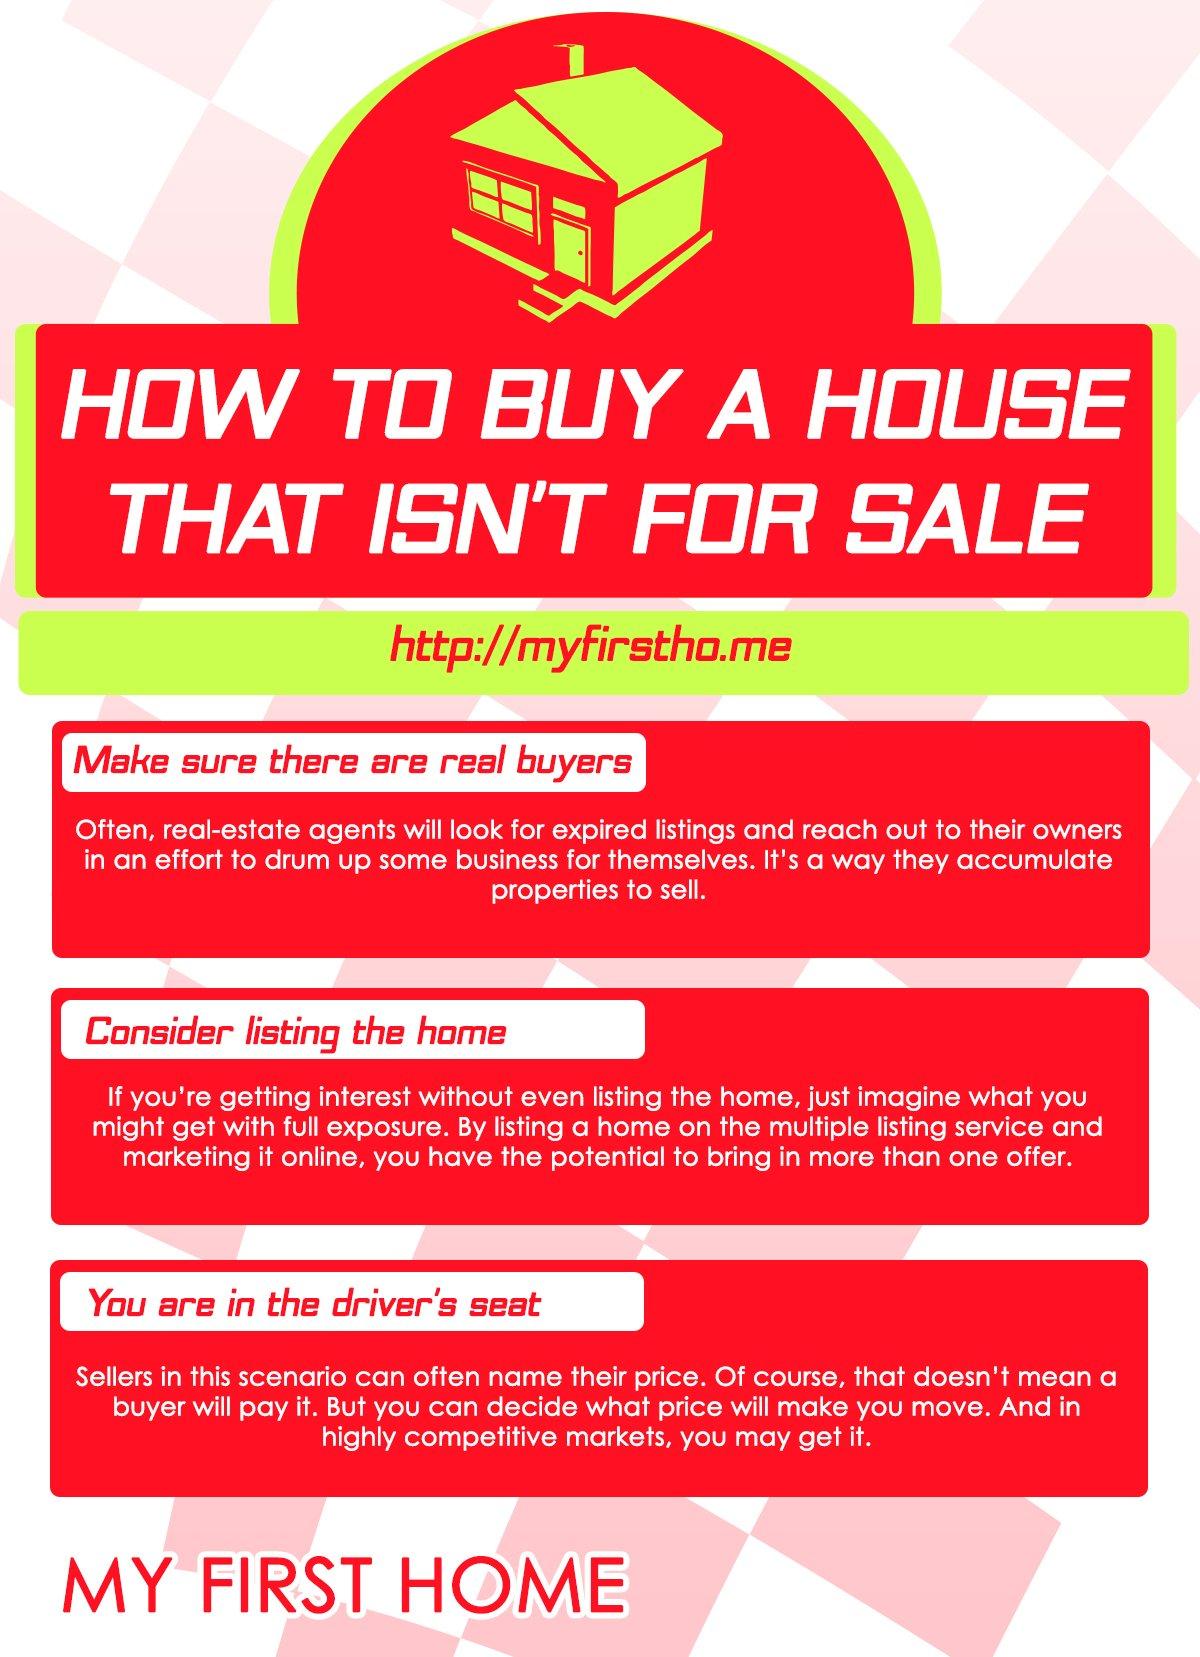 How to buy a house that isn’t for sale
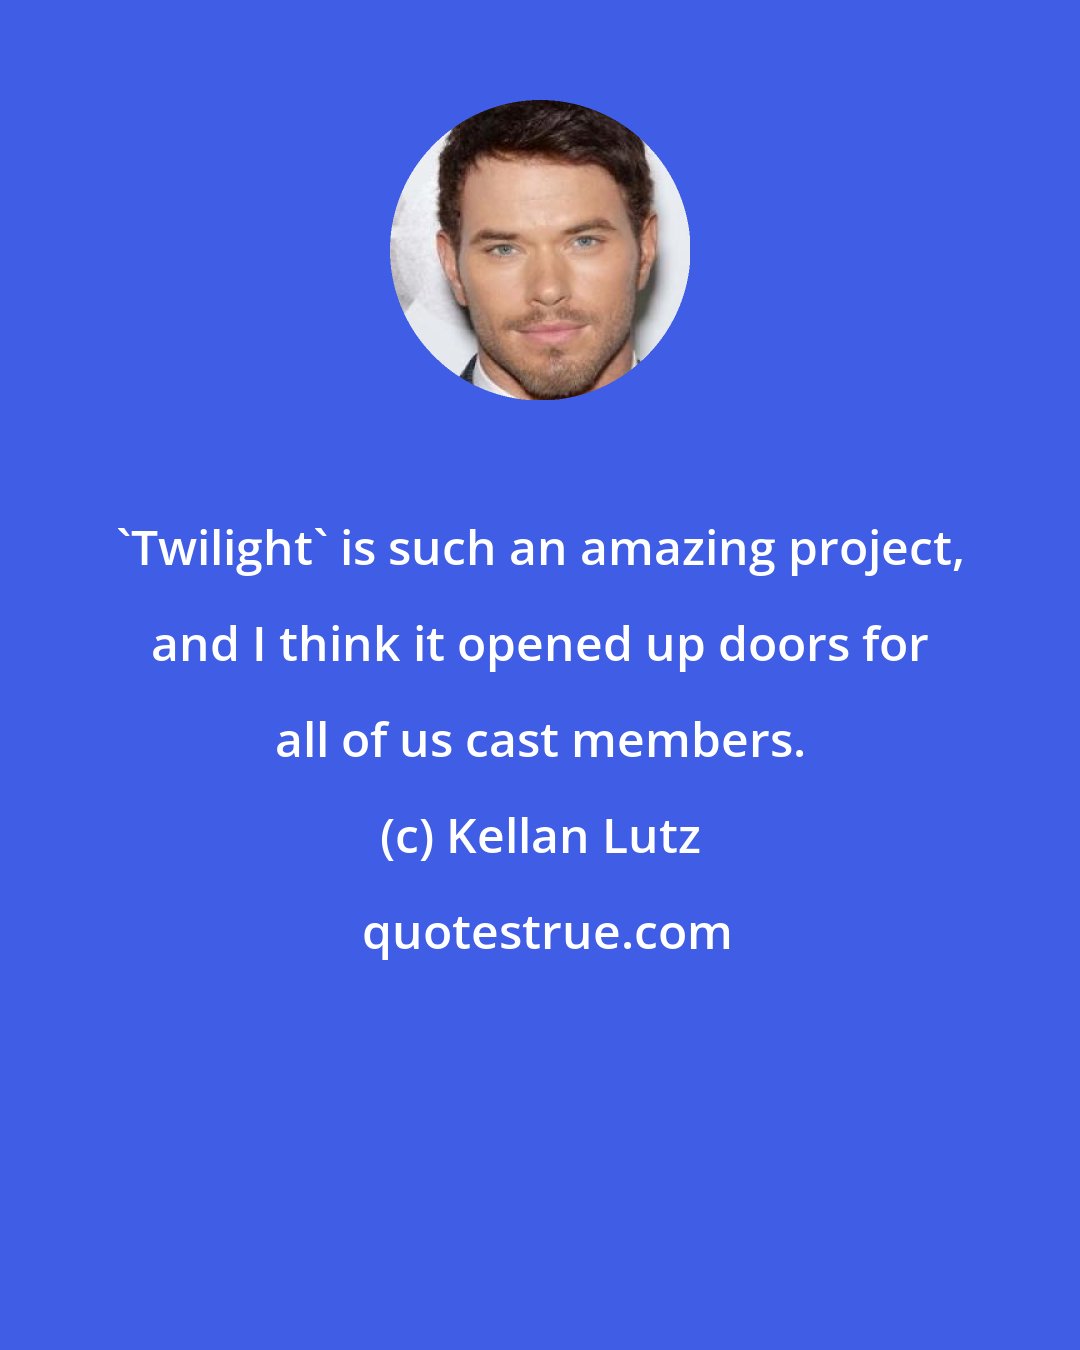 Kellan Lutz: 'Twilight' is such an amazing project, and I think it opened up doors for all of us cast members.
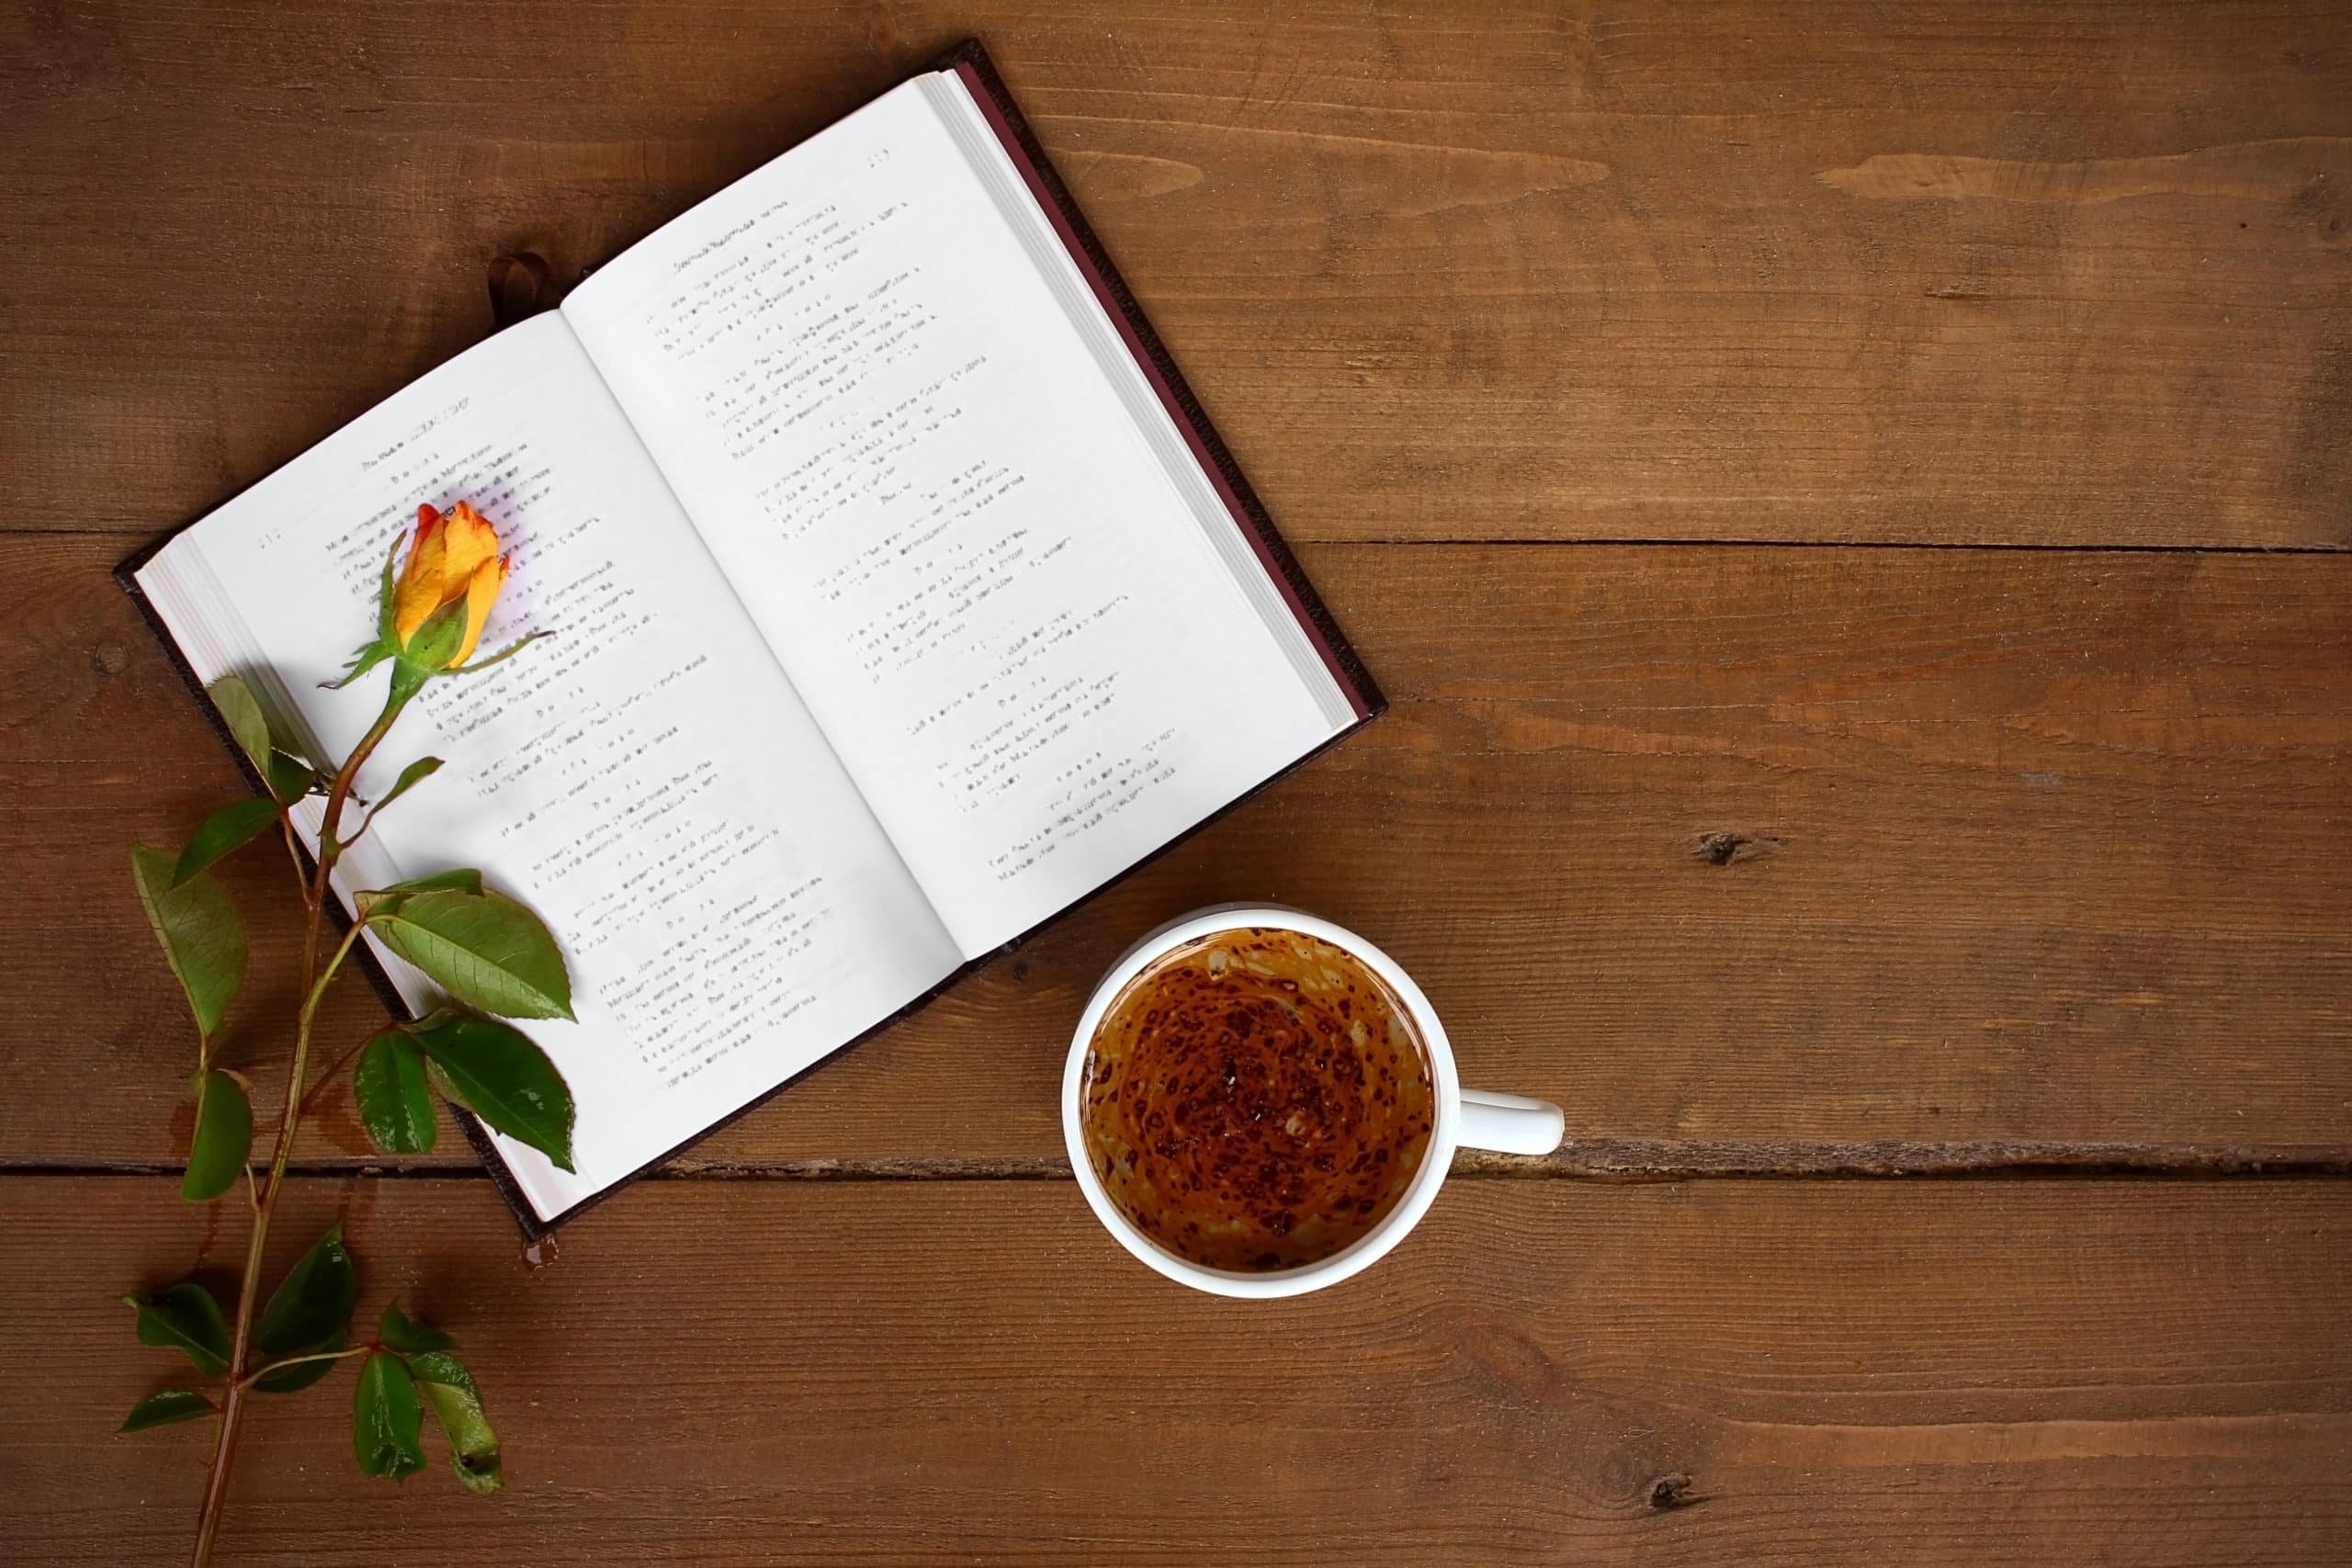 On a wooden background, an open book, next to a rose and a cup of tea.

- **What is being asked**
Exact copy, no pictures: please print the data above once more.

- **Output**
 How to buy a house that isn’t for sale
 Kellan Lutz: 'Twilight' is such an amazing project, and I think it opened up doors for all of us cast members.
 On a wooden background, an open book, next to a rose and a cup of tea.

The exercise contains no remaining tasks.